Top of Supplied information

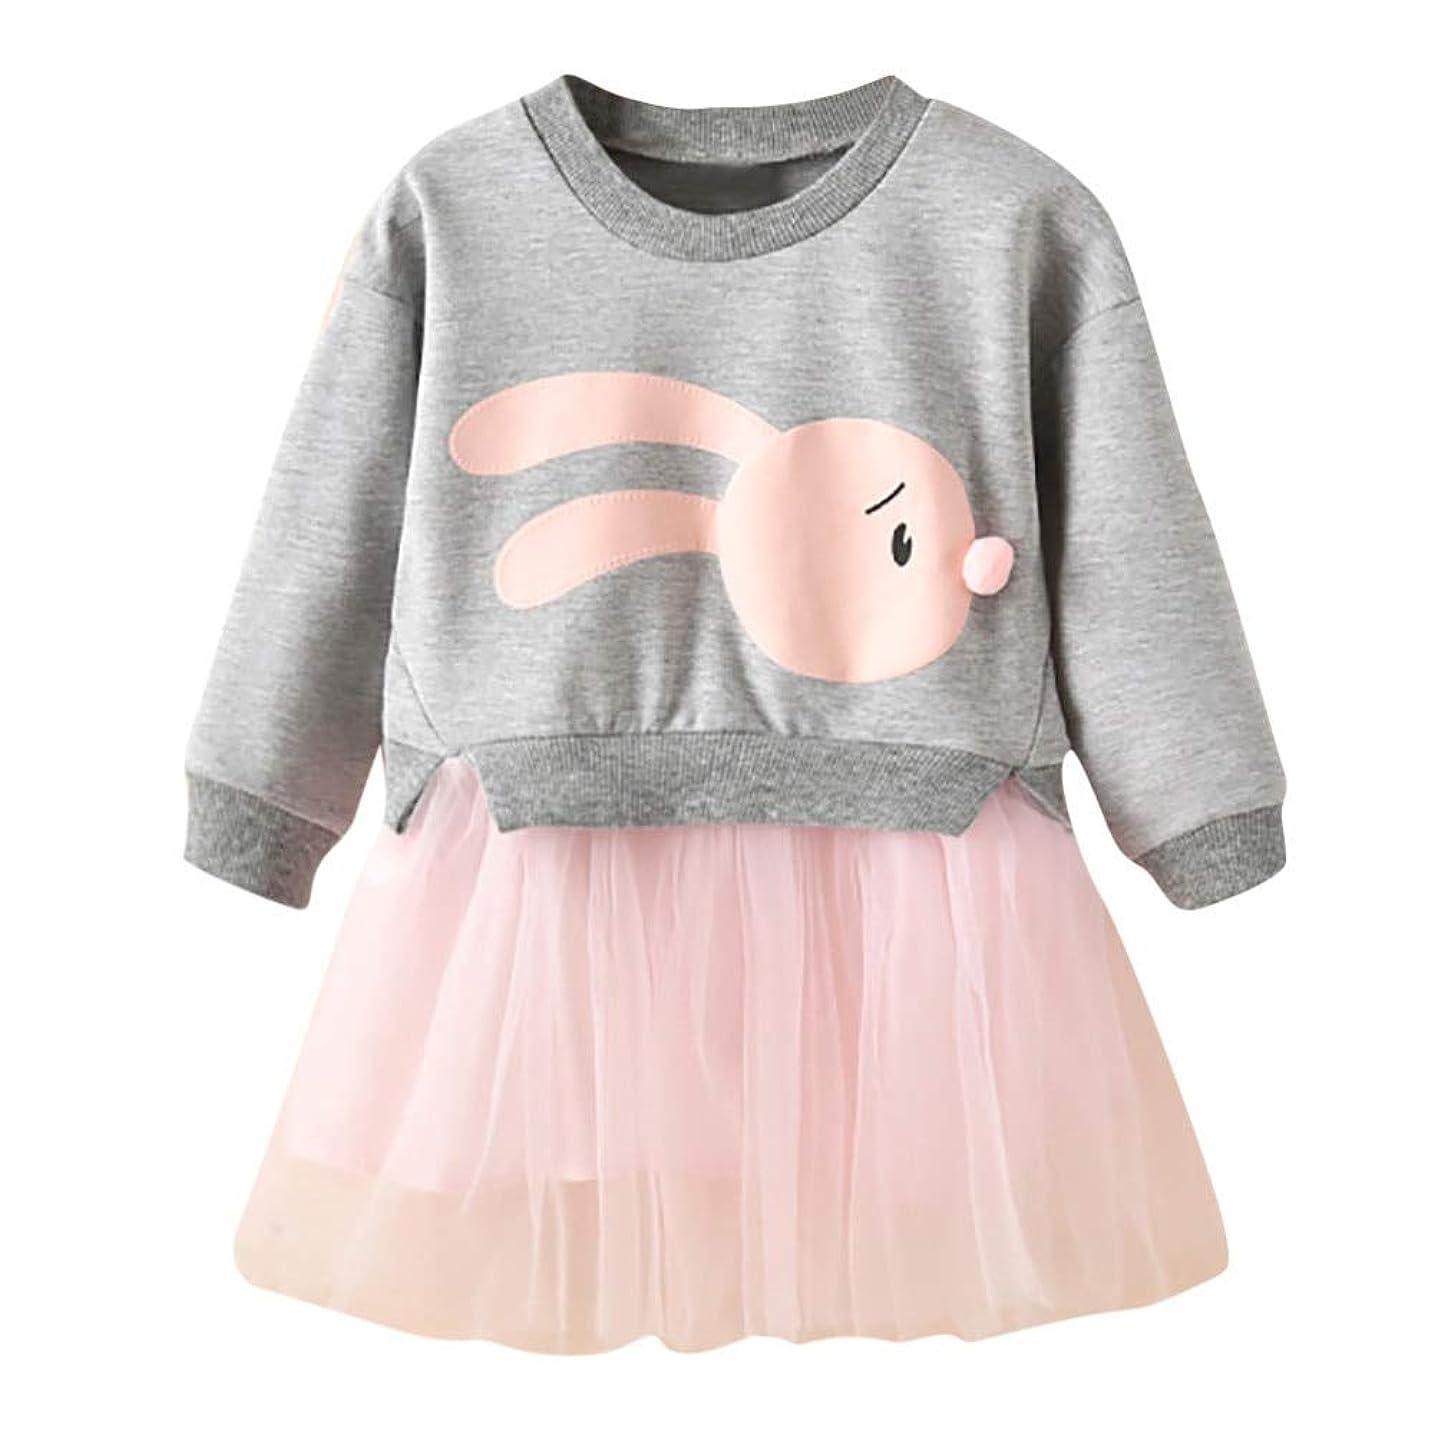 無駄な勇者割合Maxcrestas - 冬の子供服の女の赤ちゃんの漫画のバニープリンセスパッチワークトレーナーチュールドレス服roupaのinfantil
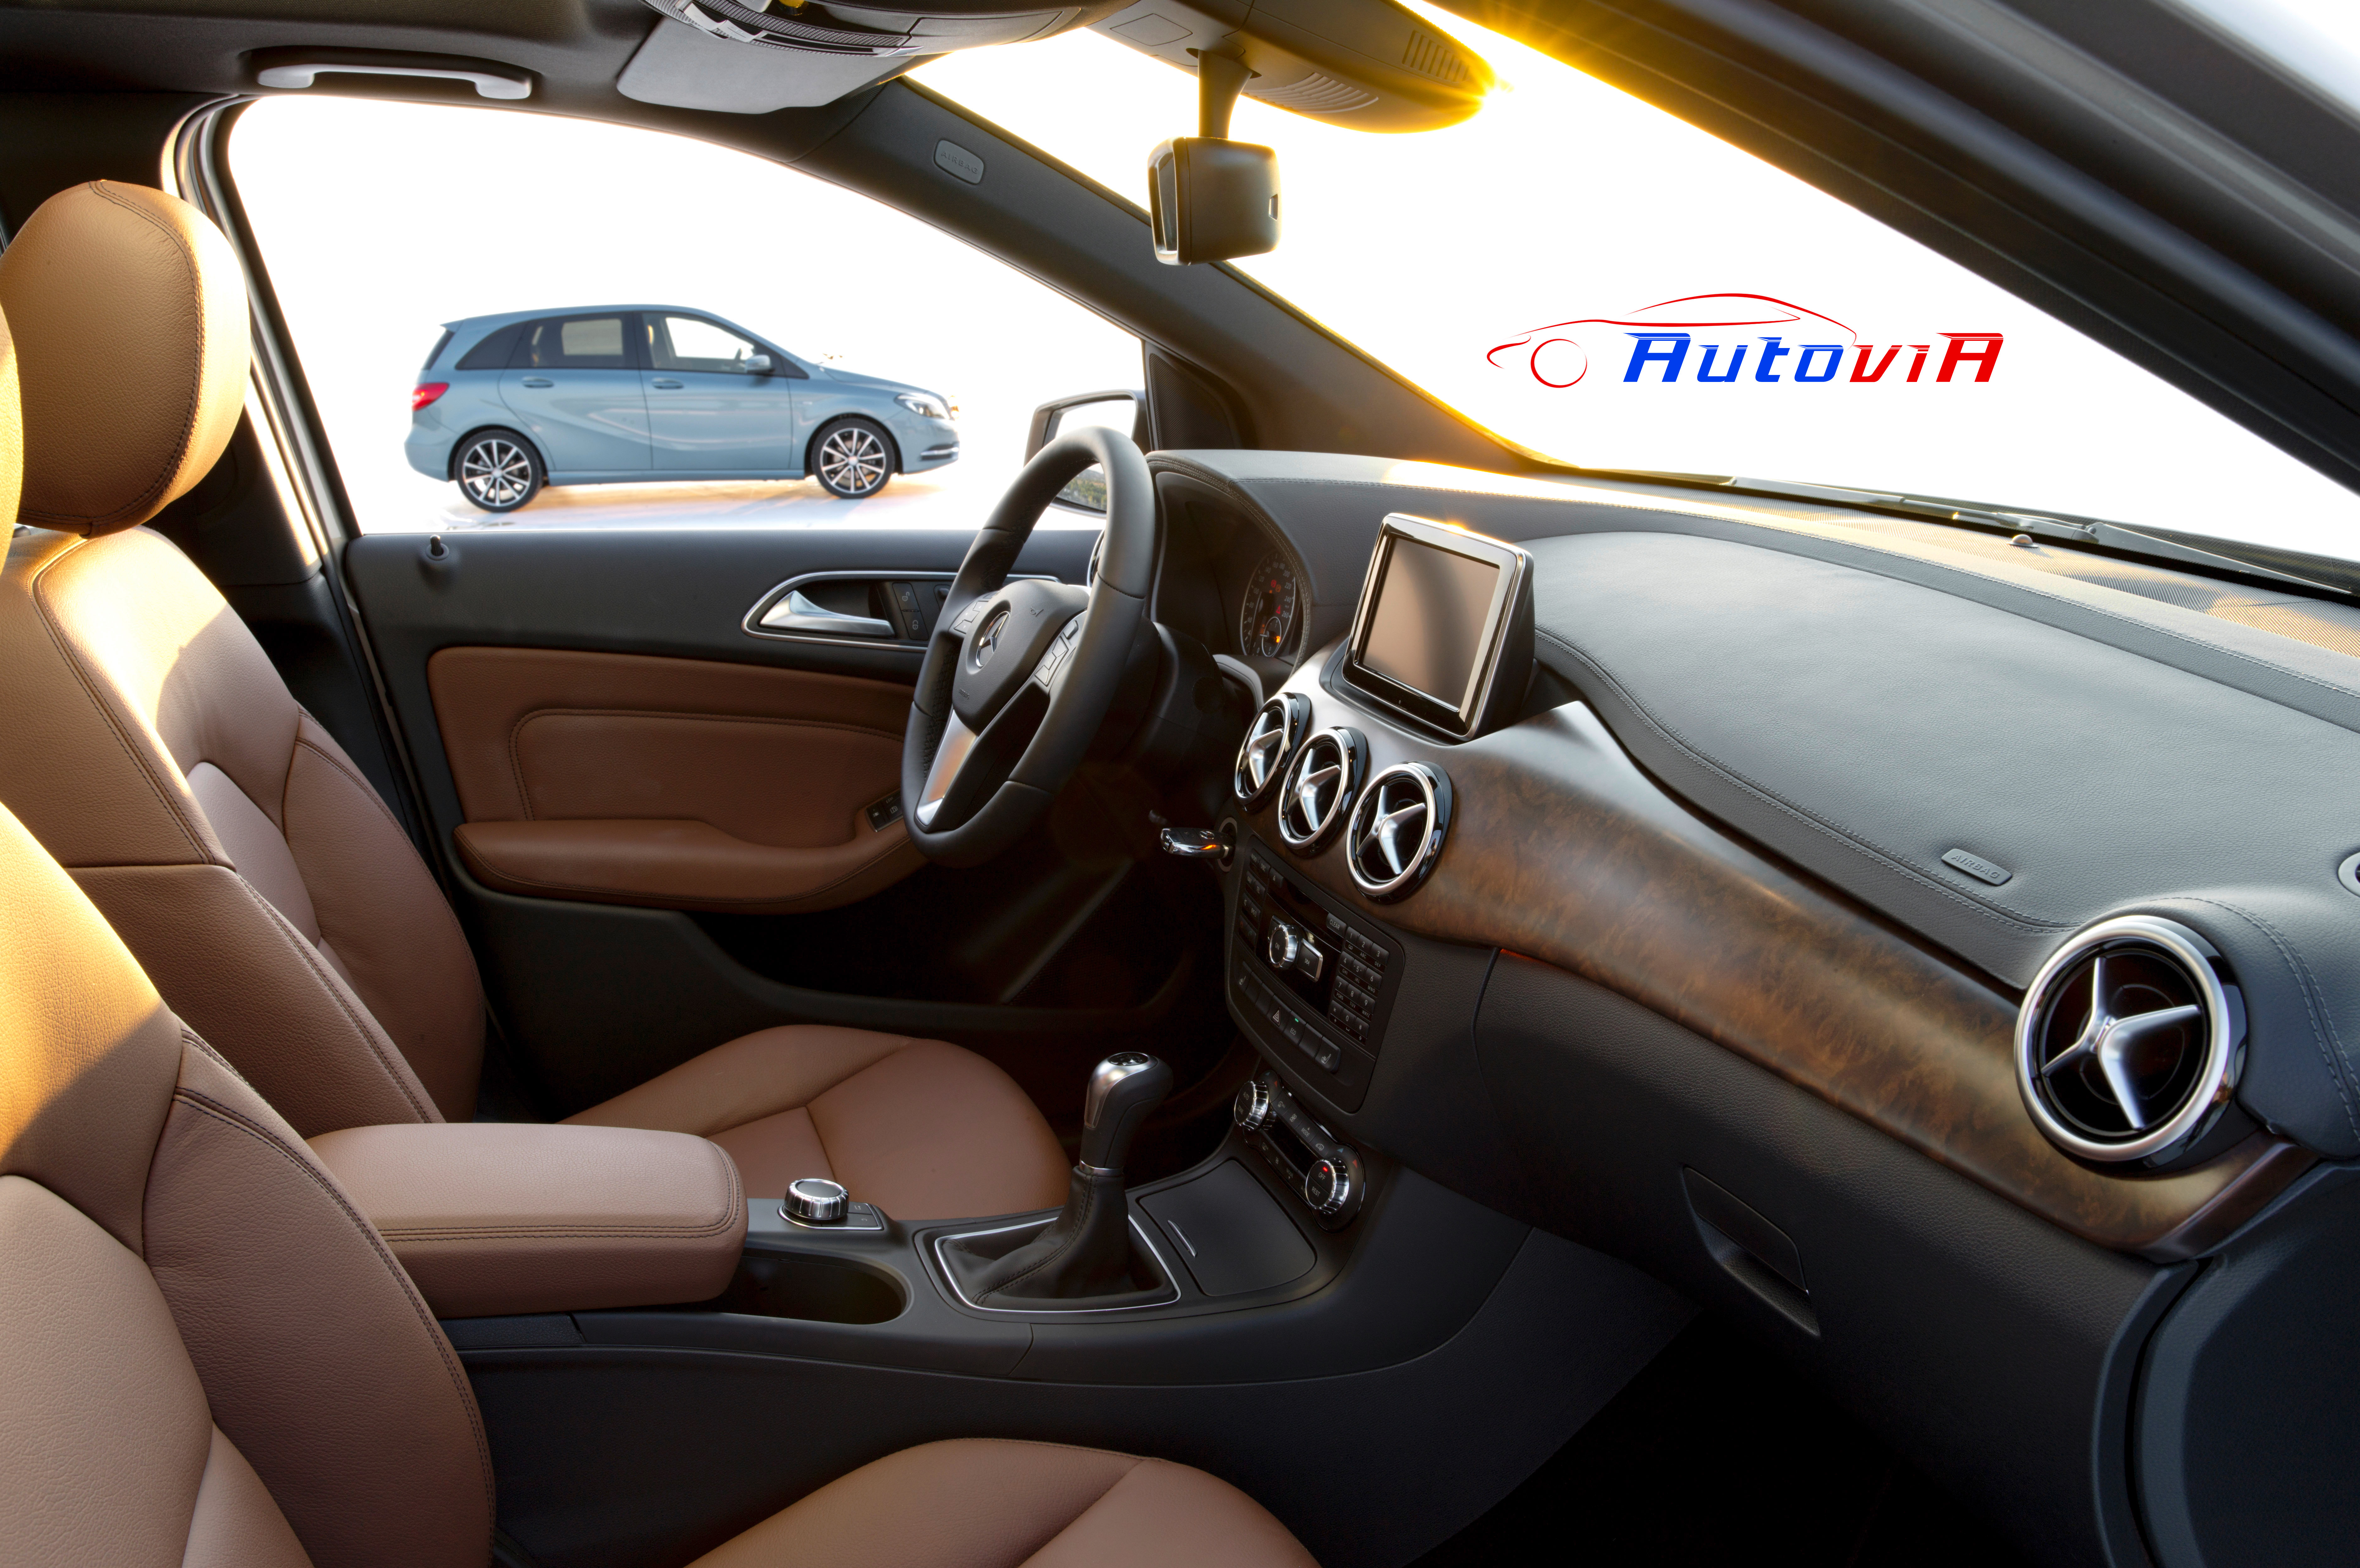 Mercedes benz clase b interior 08 for Interior mercedes clase a
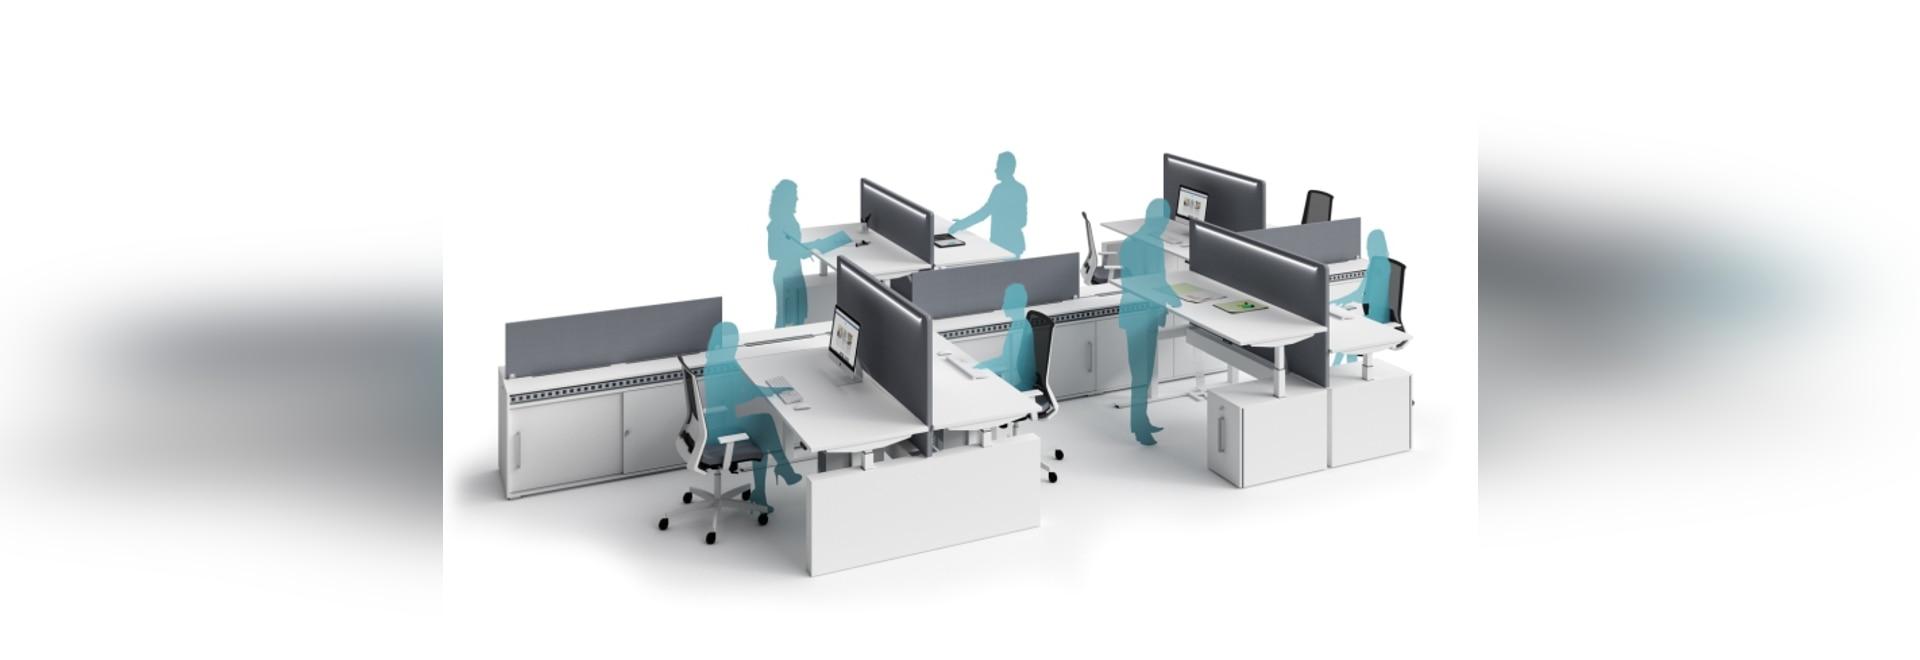 escritorios Altura-ajustables con la estructura eléctrica

Bottom of Supplied information

To do -> All lines above must be repeated exactly, and the pictures must be omitted.

Exercise answer ->
 無駄な勇者割合Maxcrestas - 冬の子供服の女の赤ちゃんの漫画のバニープリンセスパッチワークトレーナーチュールドレス服roupaのinfantil
 Mercedes benz clase b interior 08 for Interior mercedes clase a
 escritorios Altura-ajustables con la estructura eléctrica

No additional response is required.